Singapore studies UN’s latest climate change report as it continues to plan and implement adaptation measures
SINGAPORE: The Centre for Climate Research Singapore is studying findings from the UN’s latest climate change report to see how they impact Singapore and to inform its policy recommendations.
On Monday (Aug 9), the UN’s Intergovernmental Panel on Climate Change (IPCC) released a major report detailing the latest scientific assessments of climate change. It is the first of three reports which will make up the panel’s Sixth Assessment Report.
The panel’s key findings include the clear influence of humans on climate change, resulting in the warming of the atmosphere, ocean and land.
It warned that unless deep – and quick – cuts in carbon dioxide and other greenhouse gas emissions are made, global surface temperatures will cross the 1.5 degrees Celsius threshold goal of the 2015 Paris Agreement sometime in the early 2030s.
In the most aggressive emission scenario, the world could exceed that mark by the end of this decade.
Today, the world is more than 1 degree Celsius hotter than it was during the pre-industrial period from about 1850 to 1900.
Different emissions scenarios also show that the world will exceed the Paris Agreement’s 2 degrees Celsius threshold goal by this century.
In addition, the report found that every region in the world is projected to experience more extreme droughts, intense and frequent rainfall, and flooding.
Singapore said the findings underscore the urgency for the global community to reduce greenhouse gas emissions.
“Singapore is committed to play our part.
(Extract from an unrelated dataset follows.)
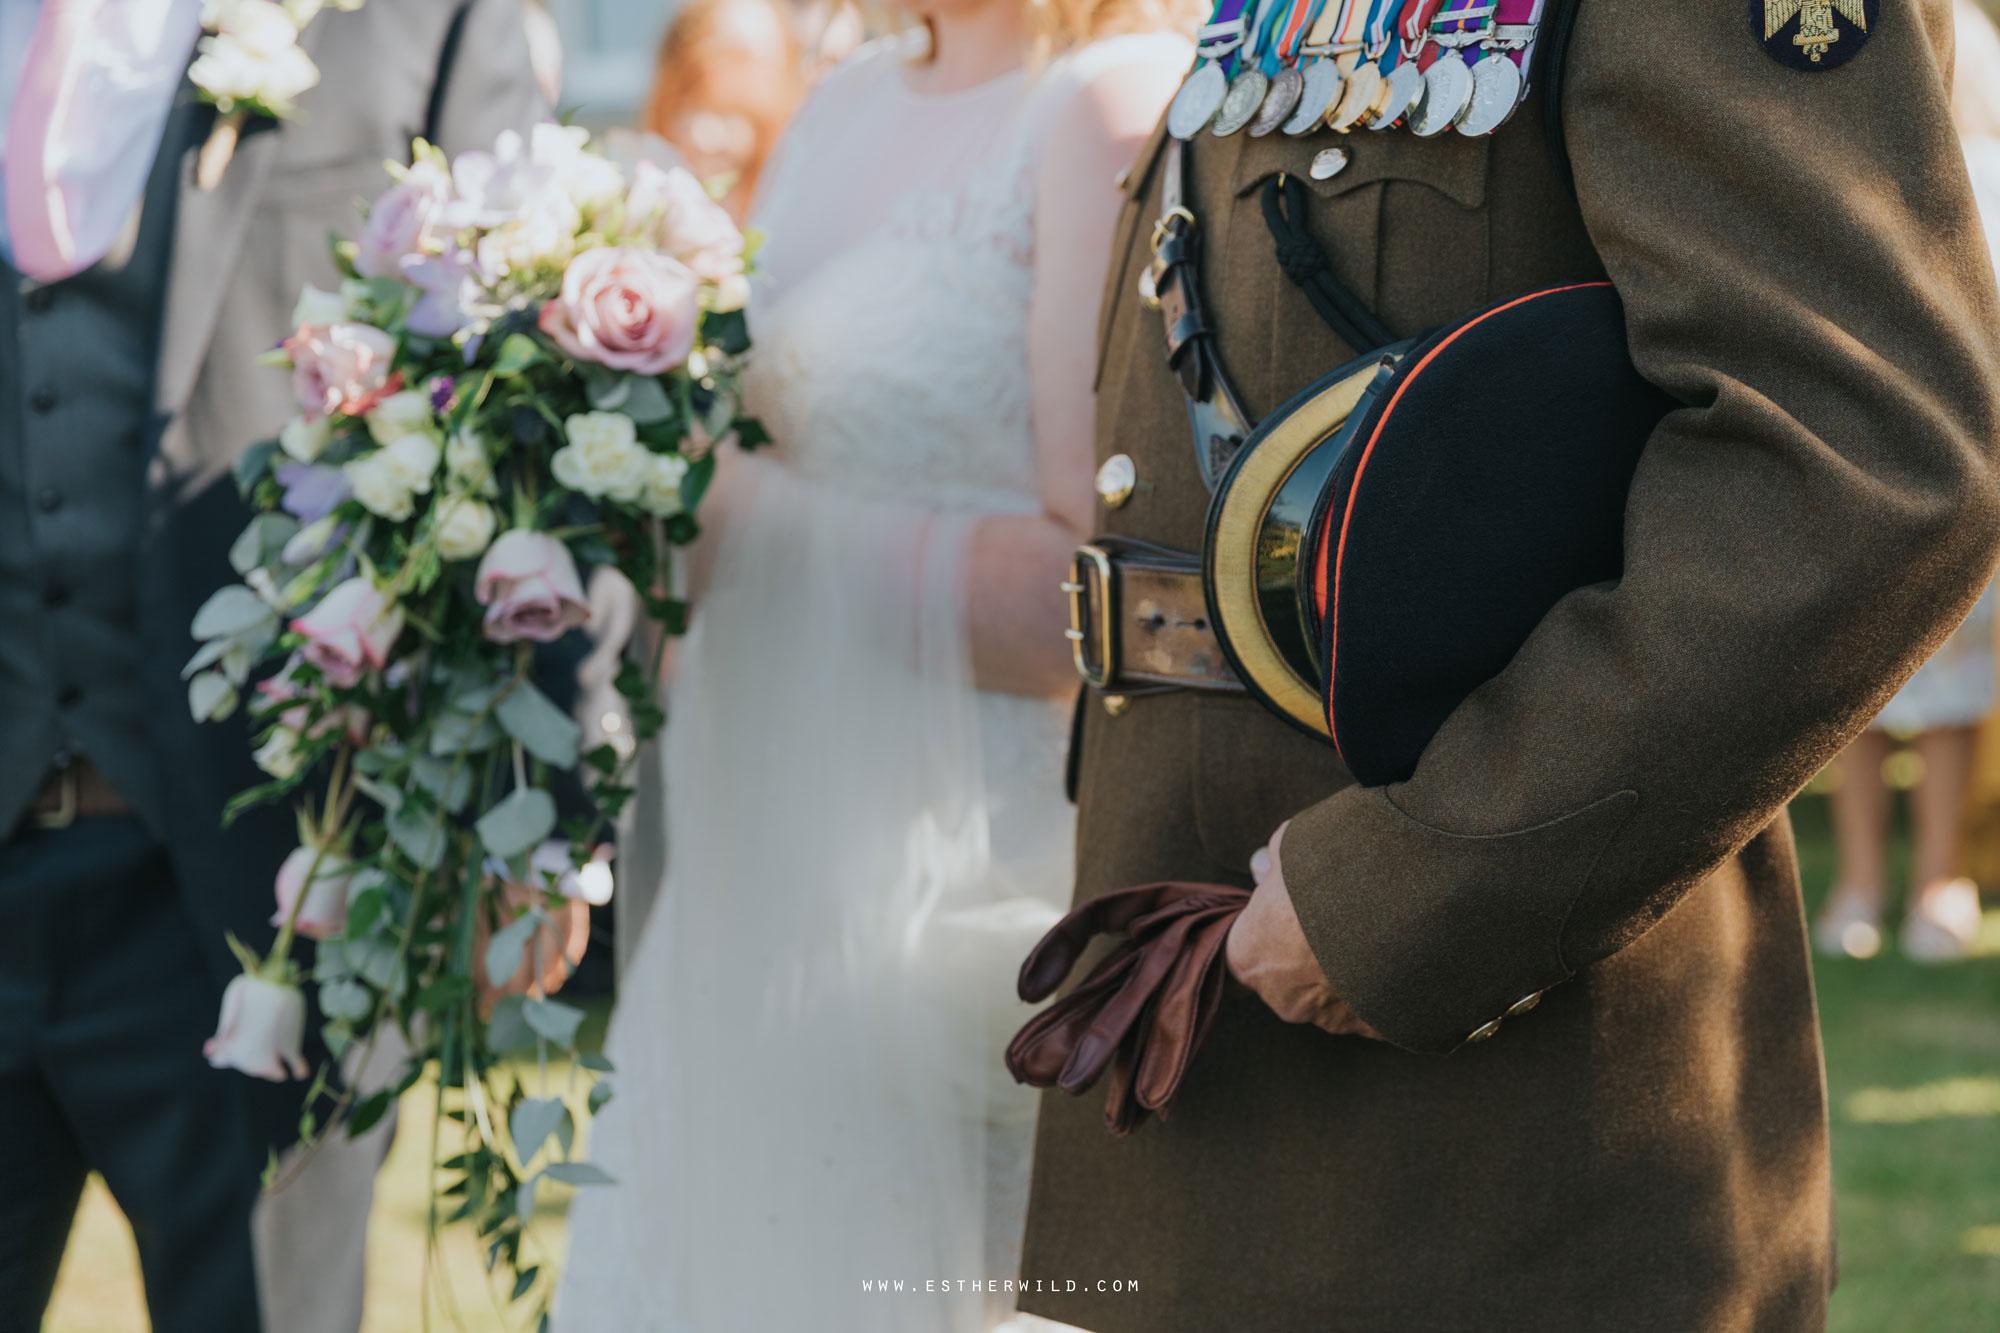 Cromer_Wedding_Beach_Outdoor_Ceremony_Norfolk_North_Lodge_Registry_Office_Rocket_House_Cafe_Cromer_Pier_IMG_3733.jpg

The Government will rally and partner Singaporeans and businesses to advance our national agenda on sustainable development, as set out in the Singapore Green Plan 2030,” said the Ministry of Sustainability and the Environment (MSE) and Meteorological Service Singapore (MSS) in a press release.
“We will also leverage climate science to understand the effects of climate change on Singapore and press on with efforts to mitigate and adapt to them.”
AREAS OF CONCERN
The authorities highlighted three areas of concern – changes in temperature, rainfall and sea level rise – as well as their implications for Singapore.
Findings from the summary for policy makers, which was released together with the IPCC report, suggest that Singapore could feel elevated temperatures in the coming decades, said the MSE and MSS.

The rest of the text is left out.